▸ **WHAT THE TASK REQUIRES**: How many lines in the records below contain the word "Cute"? Reply with the number alone.

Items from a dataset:
:::::
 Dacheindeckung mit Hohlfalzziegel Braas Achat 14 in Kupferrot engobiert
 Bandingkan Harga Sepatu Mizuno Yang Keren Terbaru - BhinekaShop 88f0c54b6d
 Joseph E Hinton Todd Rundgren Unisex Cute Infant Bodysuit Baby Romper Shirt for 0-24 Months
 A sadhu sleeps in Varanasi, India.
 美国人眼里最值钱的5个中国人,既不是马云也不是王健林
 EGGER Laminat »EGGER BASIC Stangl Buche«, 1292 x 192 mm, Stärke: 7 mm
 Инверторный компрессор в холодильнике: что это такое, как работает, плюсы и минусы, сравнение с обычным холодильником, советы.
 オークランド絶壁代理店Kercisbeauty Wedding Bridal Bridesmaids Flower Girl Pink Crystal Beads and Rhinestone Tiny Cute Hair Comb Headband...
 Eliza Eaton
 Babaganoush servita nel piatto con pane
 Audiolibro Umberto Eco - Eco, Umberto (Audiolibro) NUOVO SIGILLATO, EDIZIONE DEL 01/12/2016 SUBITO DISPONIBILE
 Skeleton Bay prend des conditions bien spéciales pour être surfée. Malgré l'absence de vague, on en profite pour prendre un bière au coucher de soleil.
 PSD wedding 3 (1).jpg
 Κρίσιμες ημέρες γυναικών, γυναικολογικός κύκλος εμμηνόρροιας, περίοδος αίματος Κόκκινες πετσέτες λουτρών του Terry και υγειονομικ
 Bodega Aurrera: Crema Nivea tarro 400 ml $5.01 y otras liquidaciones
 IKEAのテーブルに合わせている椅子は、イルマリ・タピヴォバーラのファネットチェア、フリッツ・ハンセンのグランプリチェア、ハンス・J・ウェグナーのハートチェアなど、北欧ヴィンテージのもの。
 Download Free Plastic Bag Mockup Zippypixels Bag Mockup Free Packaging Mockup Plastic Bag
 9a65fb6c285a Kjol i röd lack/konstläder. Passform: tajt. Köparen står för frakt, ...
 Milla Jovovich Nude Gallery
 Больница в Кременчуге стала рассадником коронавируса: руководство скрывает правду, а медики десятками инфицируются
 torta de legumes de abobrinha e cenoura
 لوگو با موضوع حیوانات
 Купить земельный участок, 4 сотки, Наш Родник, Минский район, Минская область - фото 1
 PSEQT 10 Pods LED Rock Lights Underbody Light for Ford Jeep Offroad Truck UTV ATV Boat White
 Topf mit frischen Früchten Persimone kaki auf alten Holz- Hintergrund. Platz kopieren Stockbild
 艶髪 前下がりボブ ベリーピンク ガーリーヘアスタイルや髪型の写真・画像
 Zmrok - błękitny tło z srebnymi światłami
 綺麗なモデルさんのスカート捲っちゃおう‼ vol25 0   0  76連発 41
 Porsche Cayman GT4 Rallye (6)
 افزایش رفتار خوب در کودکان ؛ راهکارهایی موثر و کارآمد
:::::
▸ **ANSWER AREA**: 2